#### EXERCISE DETAILS
Take the line containing "zazu_sports" and every line after it to the end of the material below; reproduce them exactly, without pictures.

━━━ SUPPLIED DATA ━━━

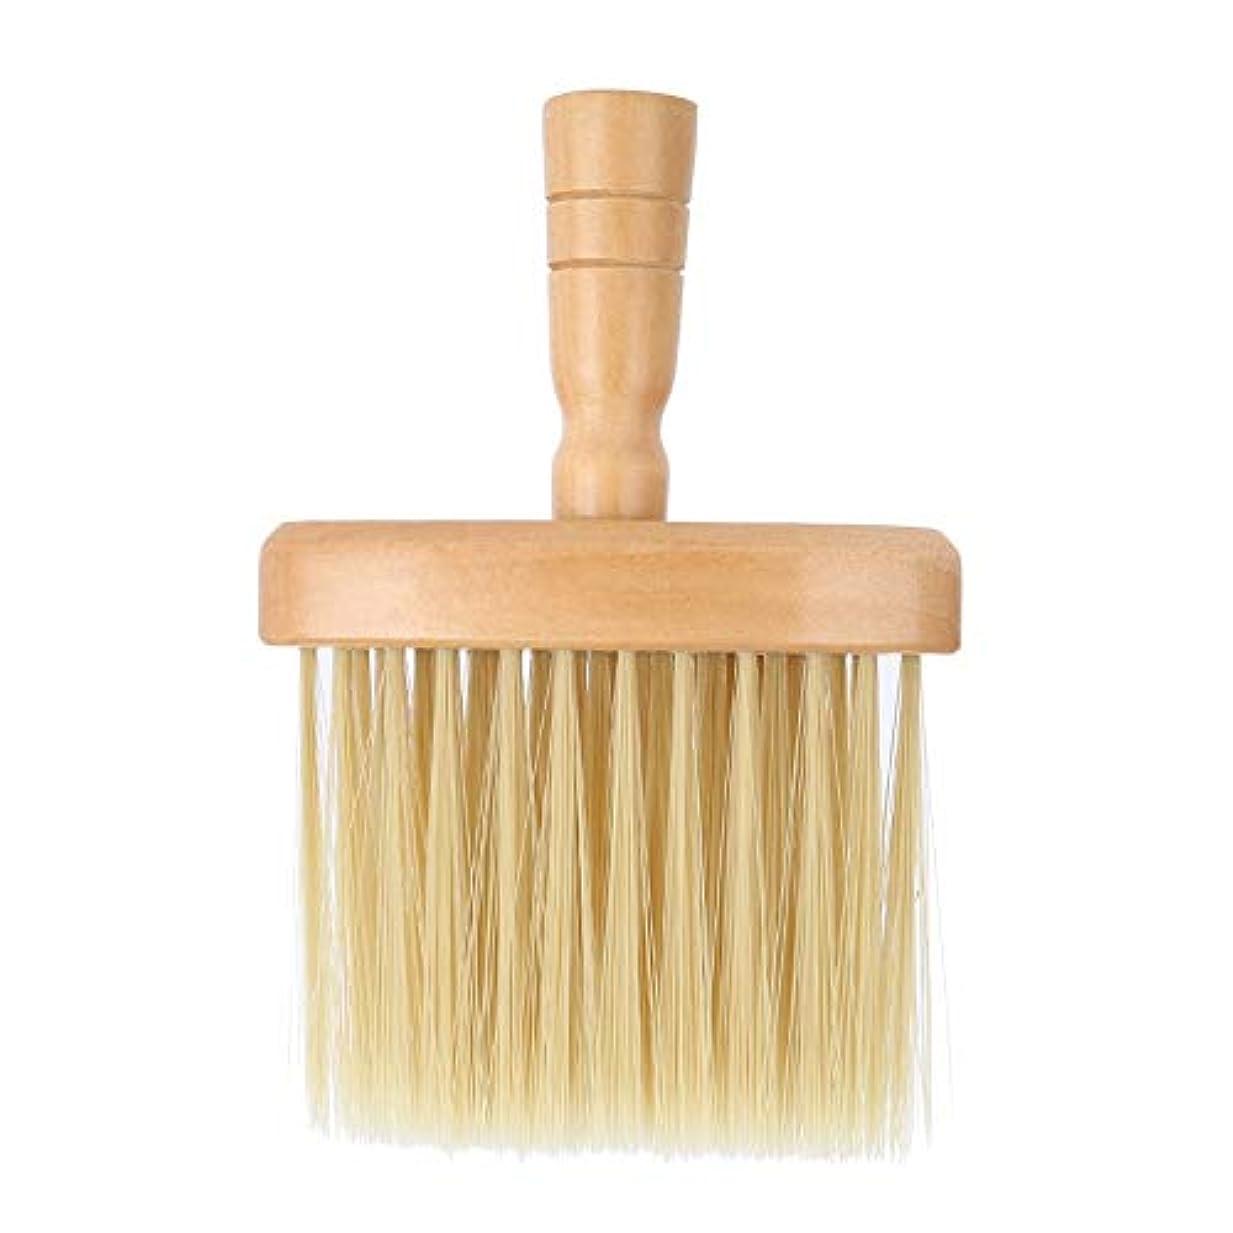 ディスパッチ暴君コーヒーヘアカットブラシネックフェイスダスターブラシサロンヘアクリーニング木製掃除ブラシヘアカット理髪ツール
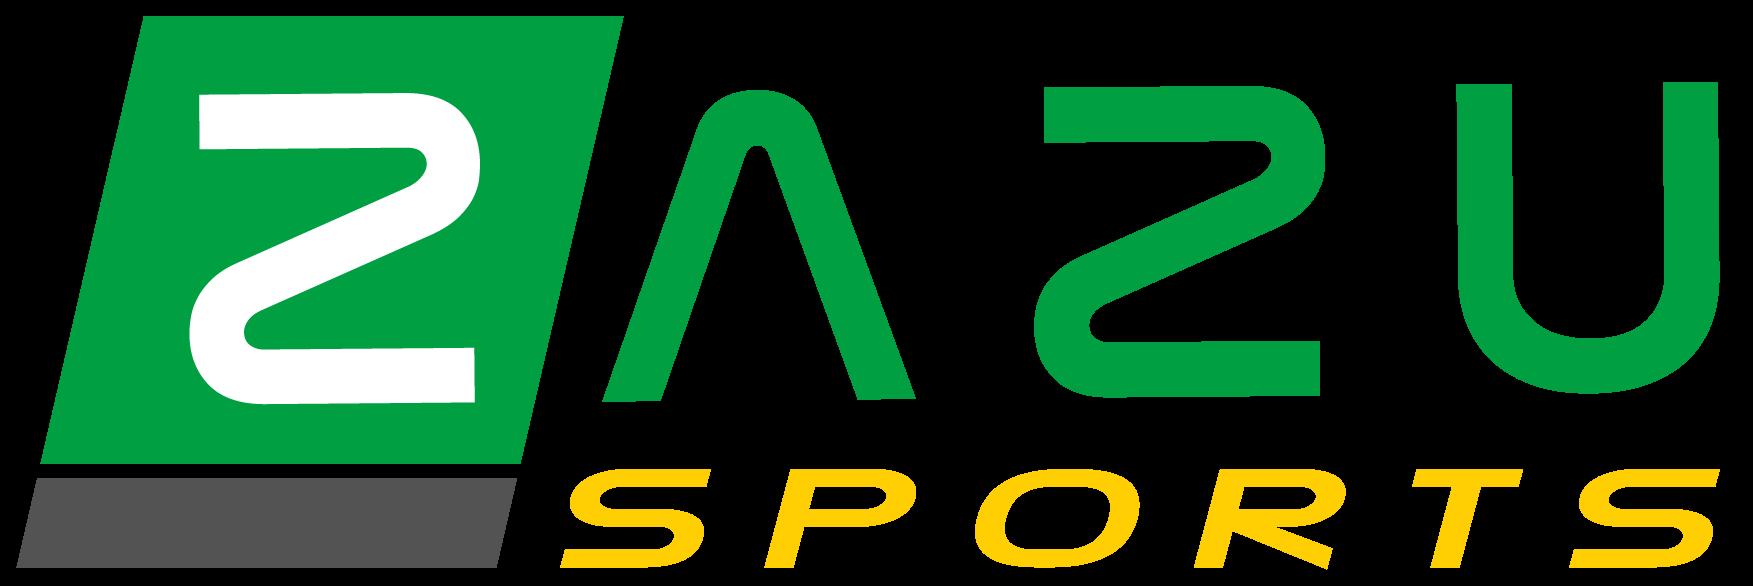 zazu_sports
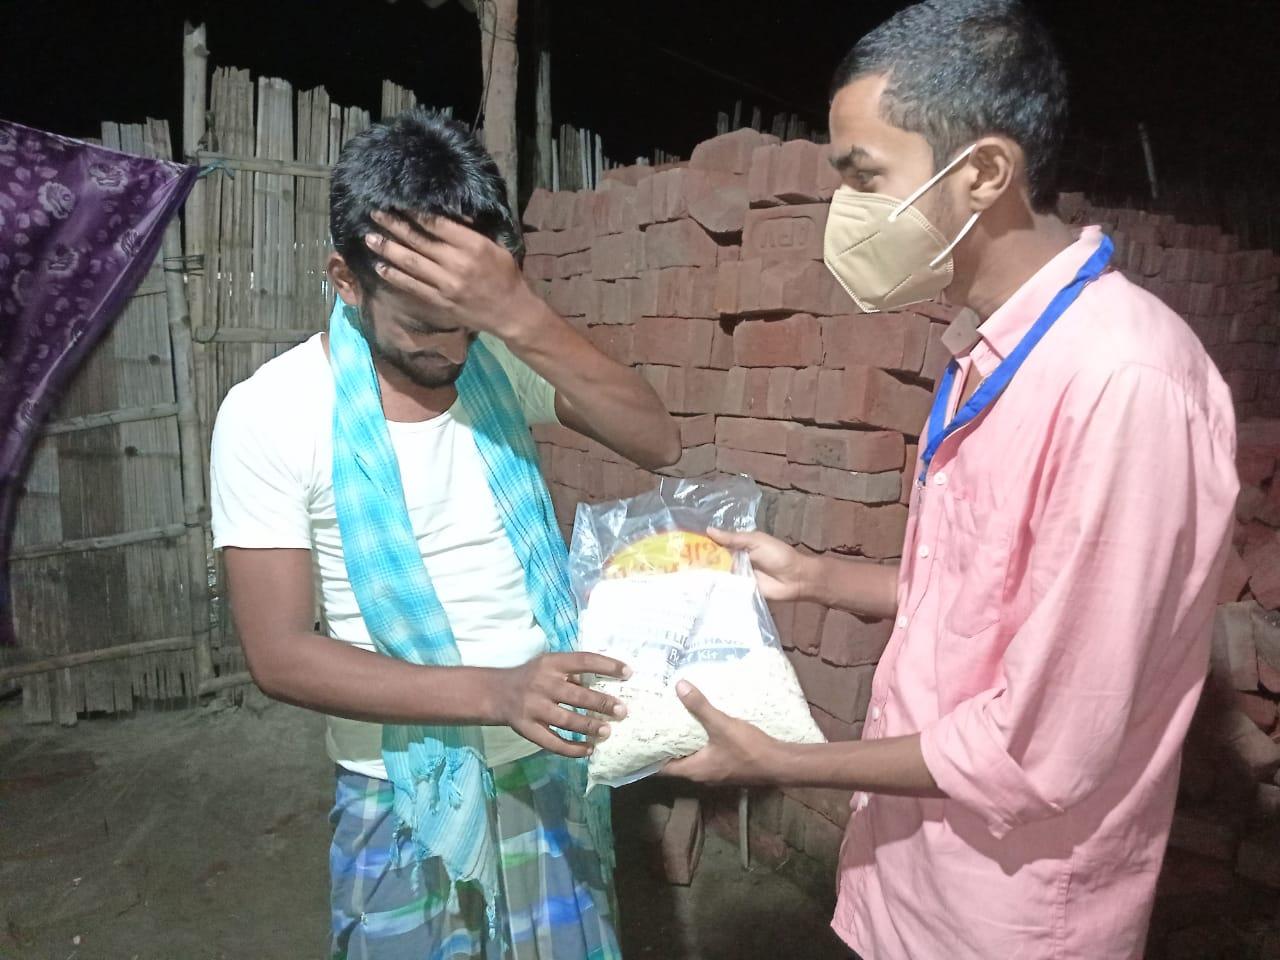 अंधेरी रातों में बाढ़ प्रभावित जरूरतमंदों के लिए हिंदुस्तान आवाम वॉयस एंड ऑर्गेनाइजेशन ने बढ़ाया मदद का हाथ।

━━━

#### ANSWER TO THIS PROBLEM
 zazu_sports
 अंधेरी रातों में बाढ़ प्रभावित जरूरतमंदों के लिए हिंदुस्तान आवाम वॉयस एंड ऑर्गेनाइजेशन ने बढ़ाया मदद का हाथ।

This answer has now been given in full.